TASK GOAL: Each entry is to be given again word for word; images are dropped.

### AVAILABLE DATA

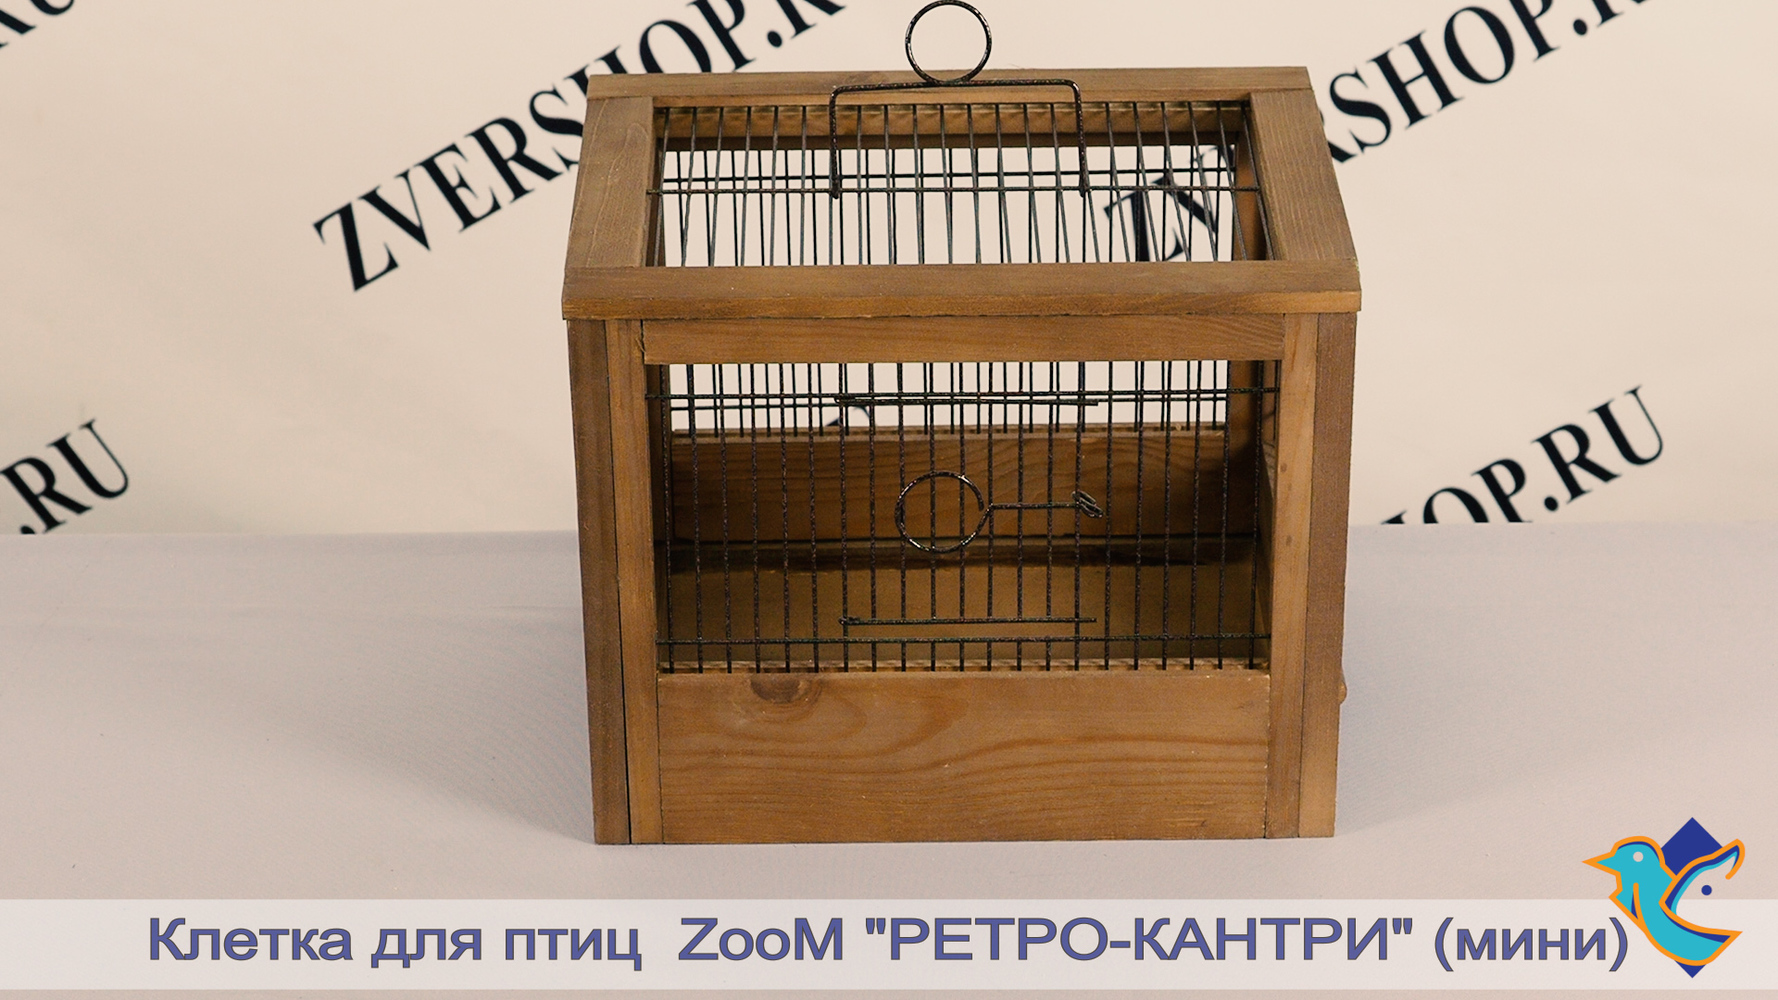 Фото Клетка ZooM для птиц деревянная "Ретро - кантри", мини, (31*23,5*25 см) 
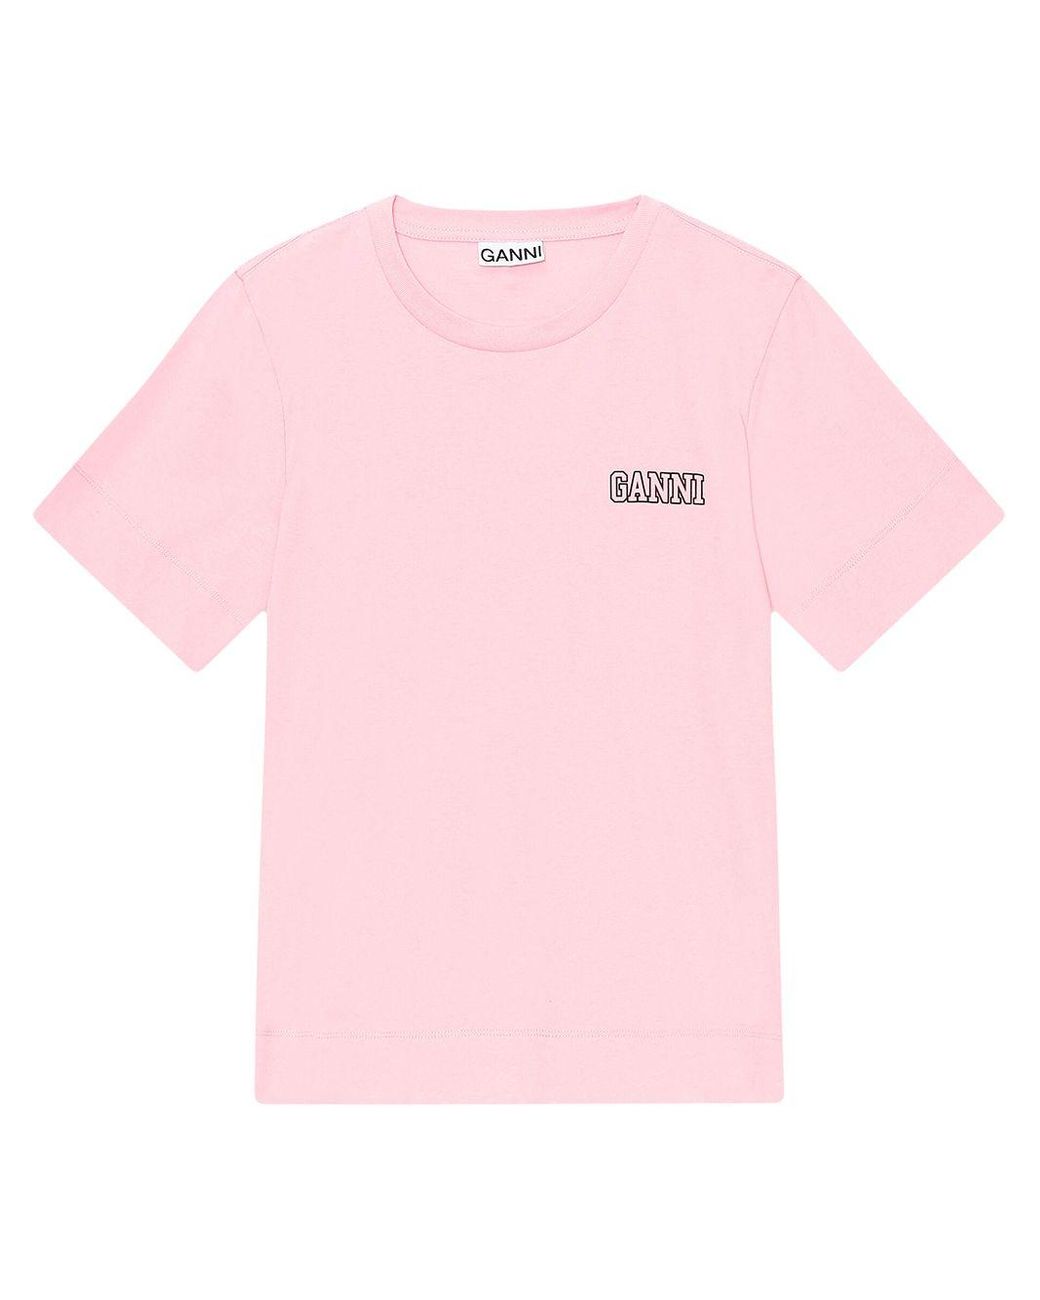 Ganni Cotton Logo-print Crew Neck T-shirt in Pink - Lyst
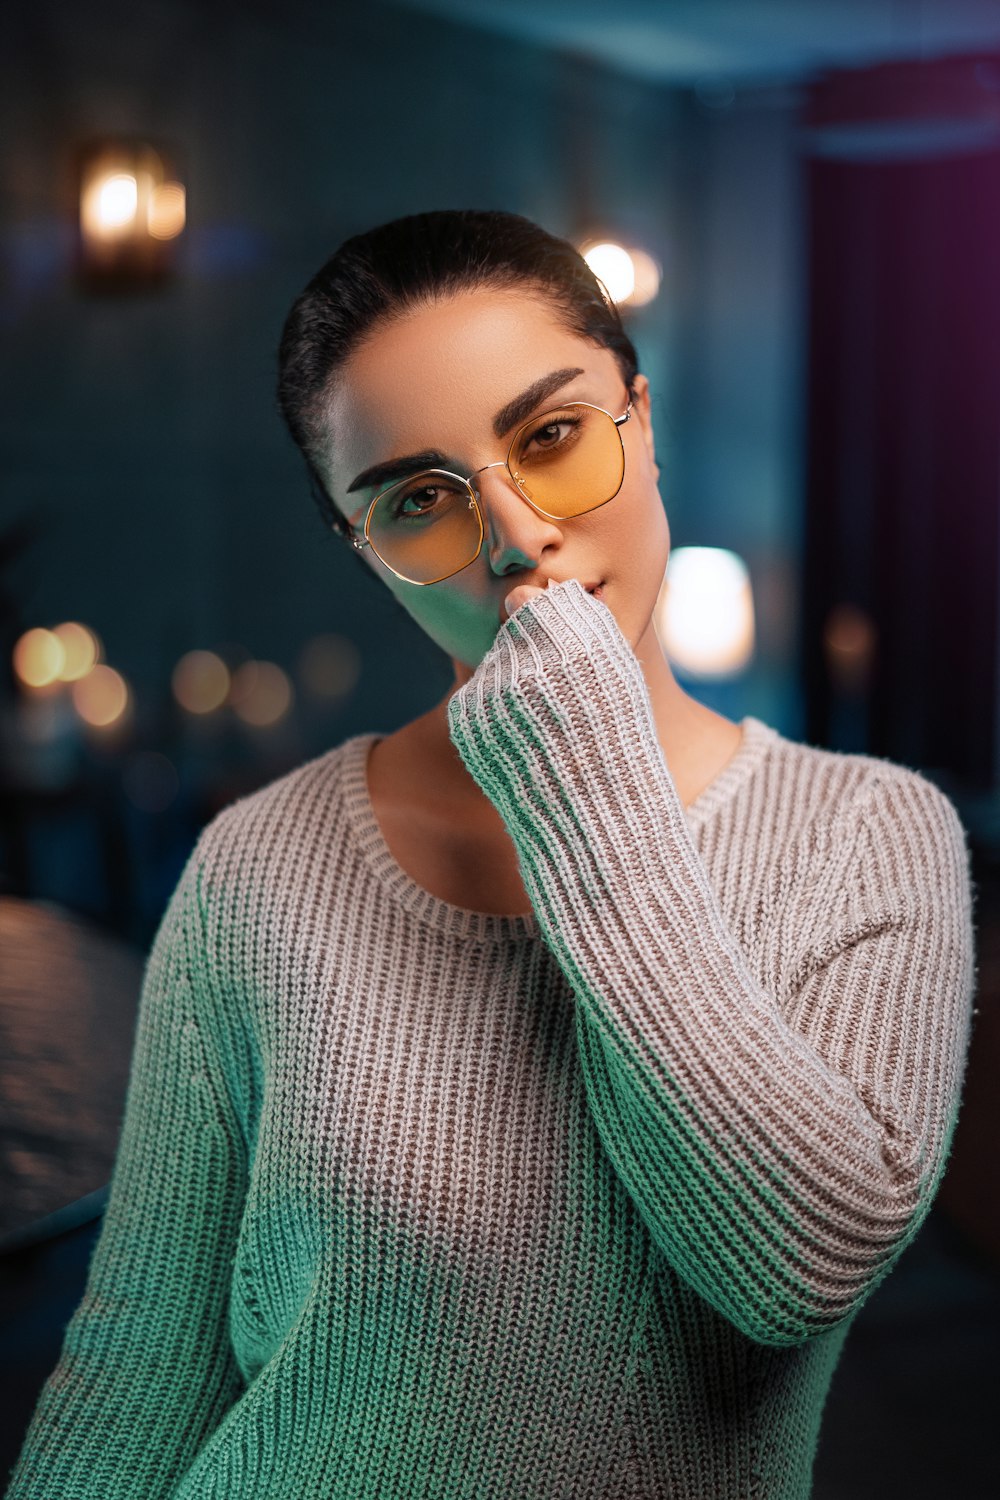 woman in green knit sweater wearing eyeglasses
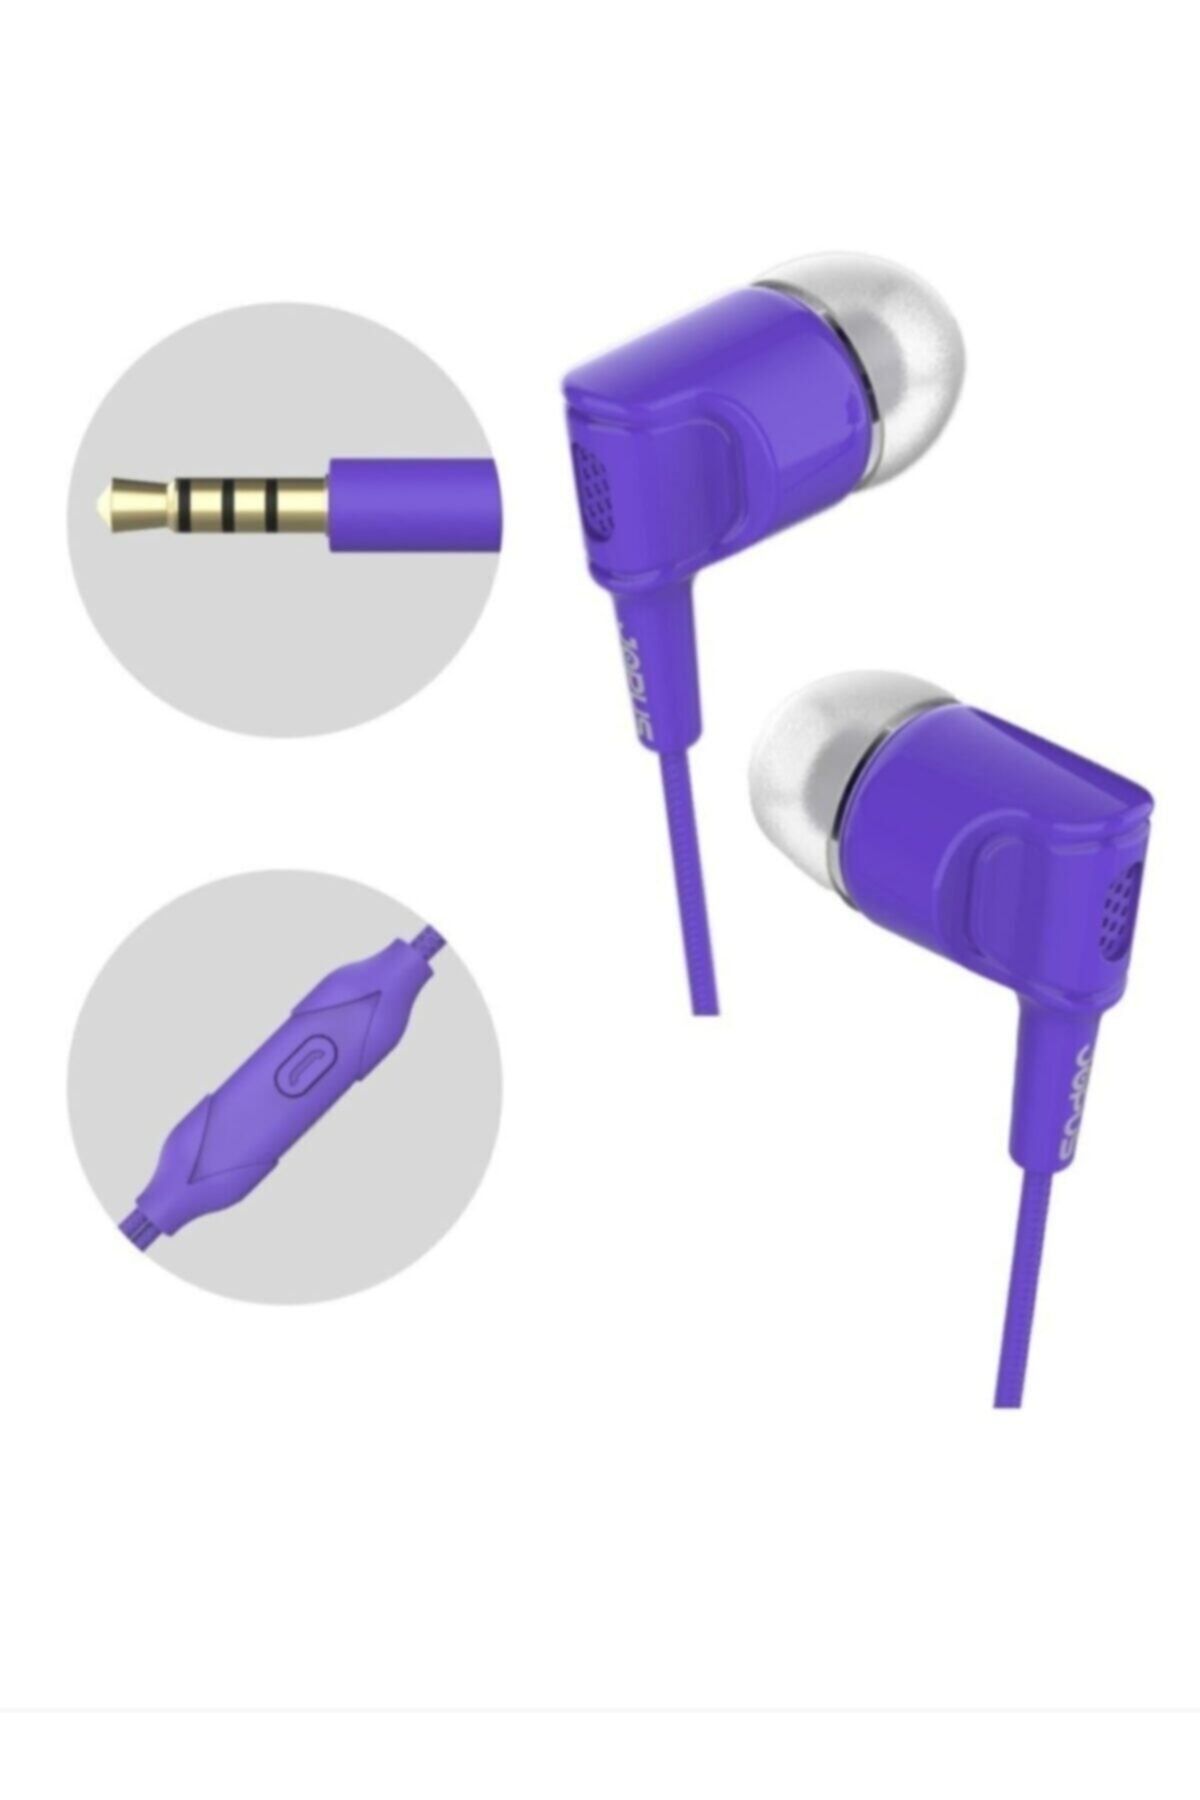 Accordion Mikrofonlu Kulak Içi Kulaklık Tuşlu Silikonlu Mor 3.5mm Universal Jak Giriş Jok52 Yeni_1
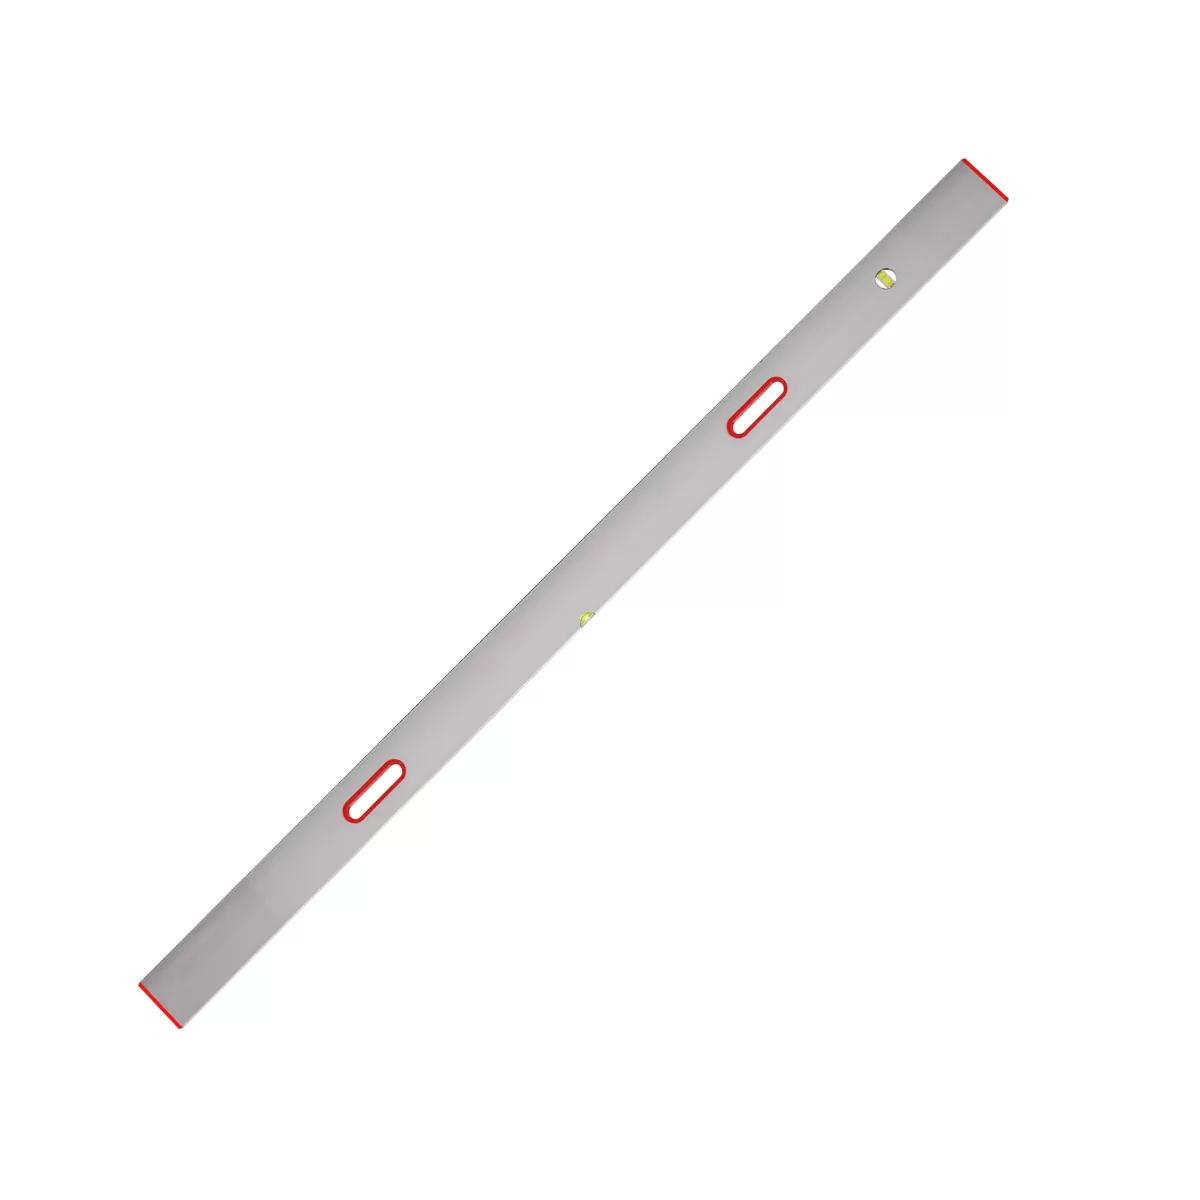 New type aluminium bar 2 axis, 6.5 ft / 2m

######

THE COMPLETED TASK:
 Фото Клетка ZooM для птиц деревянная "Ретро - кантри", мини, (31*23,5*25 см) 
 Ganni Cotton Logo-print Crew Neck T-shirt in Pink - Lyst
 woman in green knit sweater wearing eyeglasses
 Accordion Mikrofonlu Kulak Içi Kulaklık Tuşlu Silikonlu Mor 3.5mm Universal Jak Giriş Jok52 Yeni_1
 New type aluminium bar 2 axis, 6.5 ft / 2m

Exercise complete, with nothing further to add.